Cumhurbaşkanlığı’nın 2026 yılı programında yer alan ifadeler, emeklilik sisteminde büyük bir dönüşümün habercisi oldu. Programda, çalışanların daha uzun süre istihdamda kalmasını teşvik edecek ve mali yük oluşturmadan uygulanacak yeni bir aylık bağlama sistemi (ABO) üzerinde çalışıldığı belirtildi.
Emekli maaşının belirlenmesinde en kritik faktörlerden biri olan Aylık Bağlama Oranı (ABO), çalışanların prim gün sayısına ve çalıştıkları döneme göre maaş miktarını belirliyor.
Sosyal Güvenlik Uzmanı Emin Yılmaz, sistemin yıllar içinde çalışan aleyhine değiştiğini belirterek, “2000 öncesi dönemde ABO oranı en az yüzde 60’tı ve her 240 gün için yüzde 1 artış eklenebiliyordu. 2008 sonrası dönemde ise oran yüzde 2’ye sabitlendi” dedi.

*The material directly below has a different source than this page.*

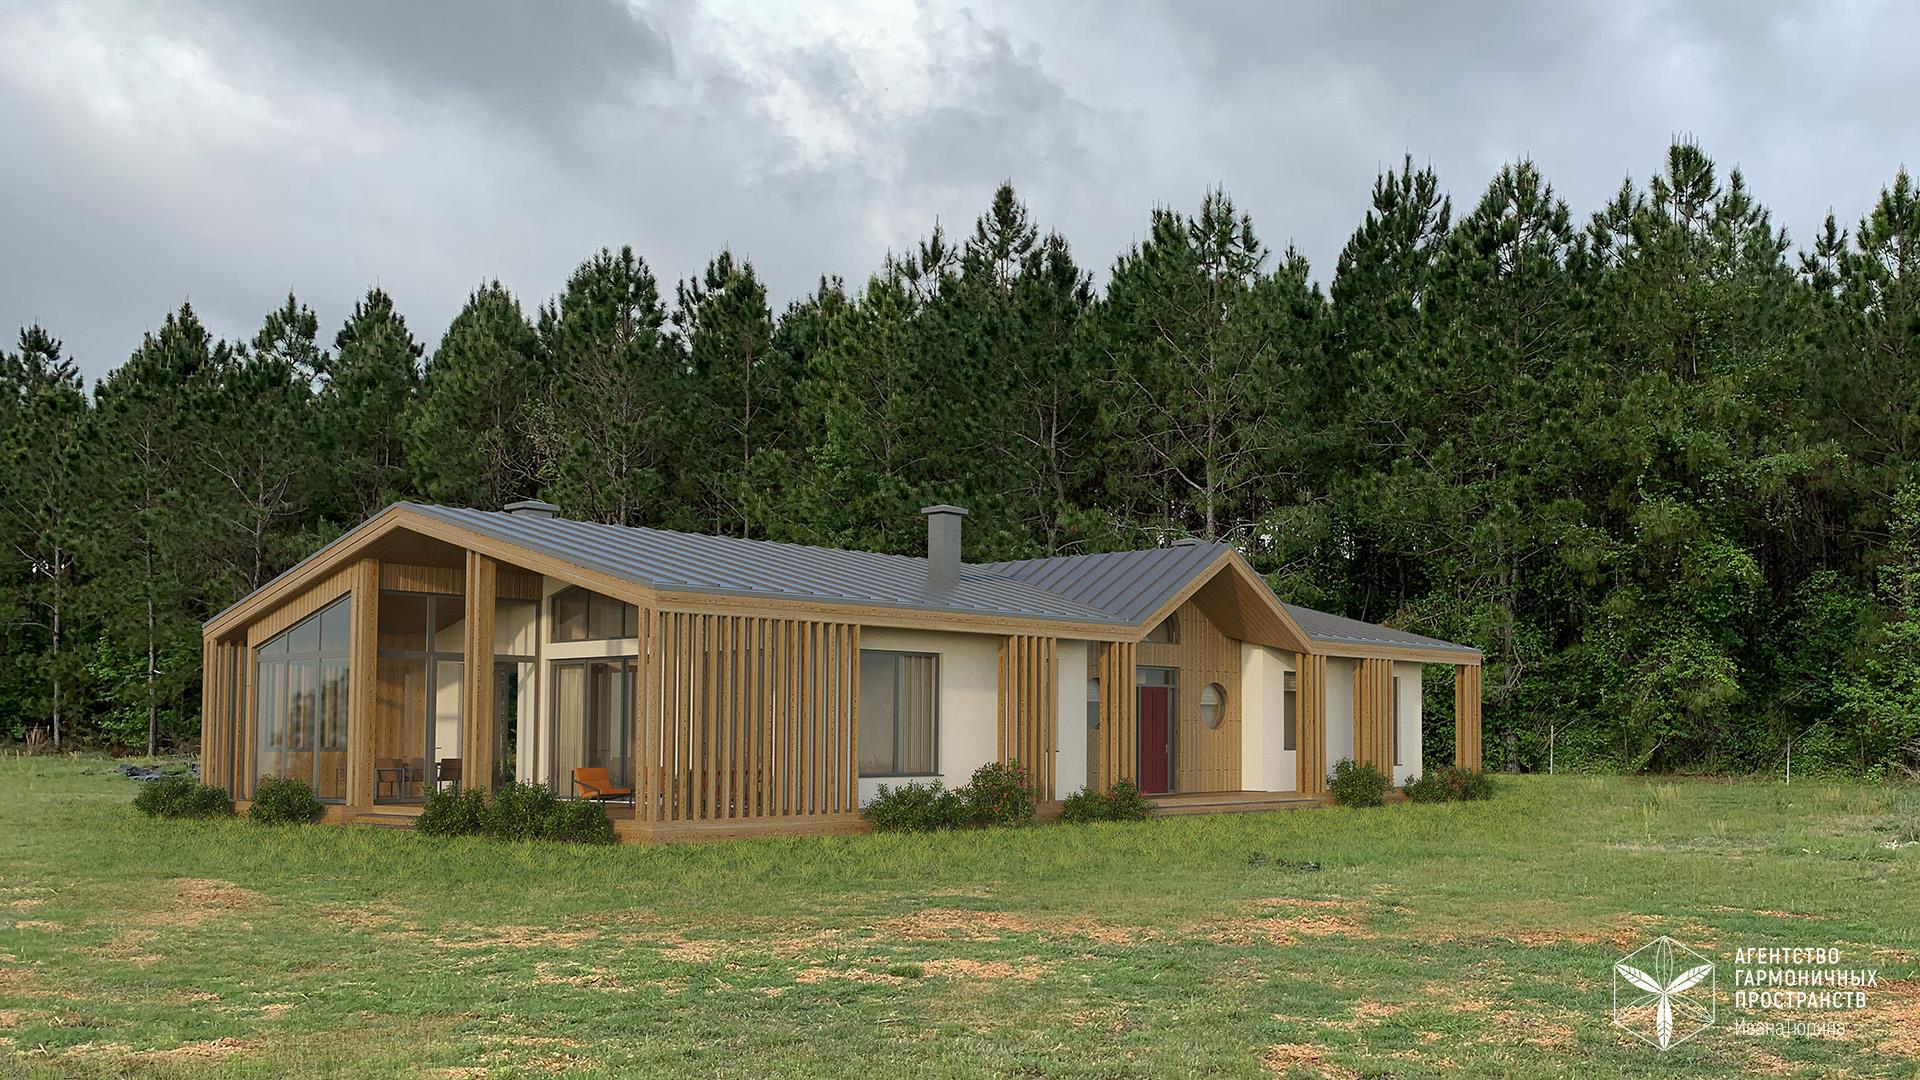 Изображение для проекта Каркасный дом с конопляным утеплителем во Флориде 2871

Uzmanlara göre emekli maaşındaki düşüşün nedeni sadece ABO oranları değil. Primlerin yatırıldığı tutar da maaşı doğrudan etkiliyor.
Yılmaz, “Vasıfsız işe başlayan biri maaşını artırsa bile primleri hep asgari ücret üzerinden yatırılırsa, düşük ABO nedeniyle emekli maaşı da düşük olur” ifadelerini kullandı.
Yeni düzenleme ile uzun süre çalışanların daha yüksek maaş alması hedefleniyor. Cumhurbaşkanlığı programında yer alan çalışmada, emeklilik sisteminin sürdürülebilirliğini güçlendirmek ve çalışma barışını korumak amaçlanıyor.
Yılmaz, mevcut sistemde 3.600 gün prim ödeyenle 9.000 gün prim ödeyen arasındaki maaş farkının sınırlı olduğuna dikkat çekerek, “Reformla bu farkın adil hale getirilmesi bekleniyor” değerlendirmesinde bulundu.
Öte yandan Meclis’te görüşülen torba yasa kapsamında, uzun vadeli sigorta kollarında işveren payının 1 puan artırılması ve asgari ücretin 7,5 katı olan prim kesintisi üst sınırının 9 kata çıkarılması planlanıyor.
Yeni sistemle birlikte emeklilik hesaplamalarında prim gün sayısı ve kazanç oranına dayalı daha adil ve sürdürülebilir bir modelin hayata geçirilmesi hedefleniyor.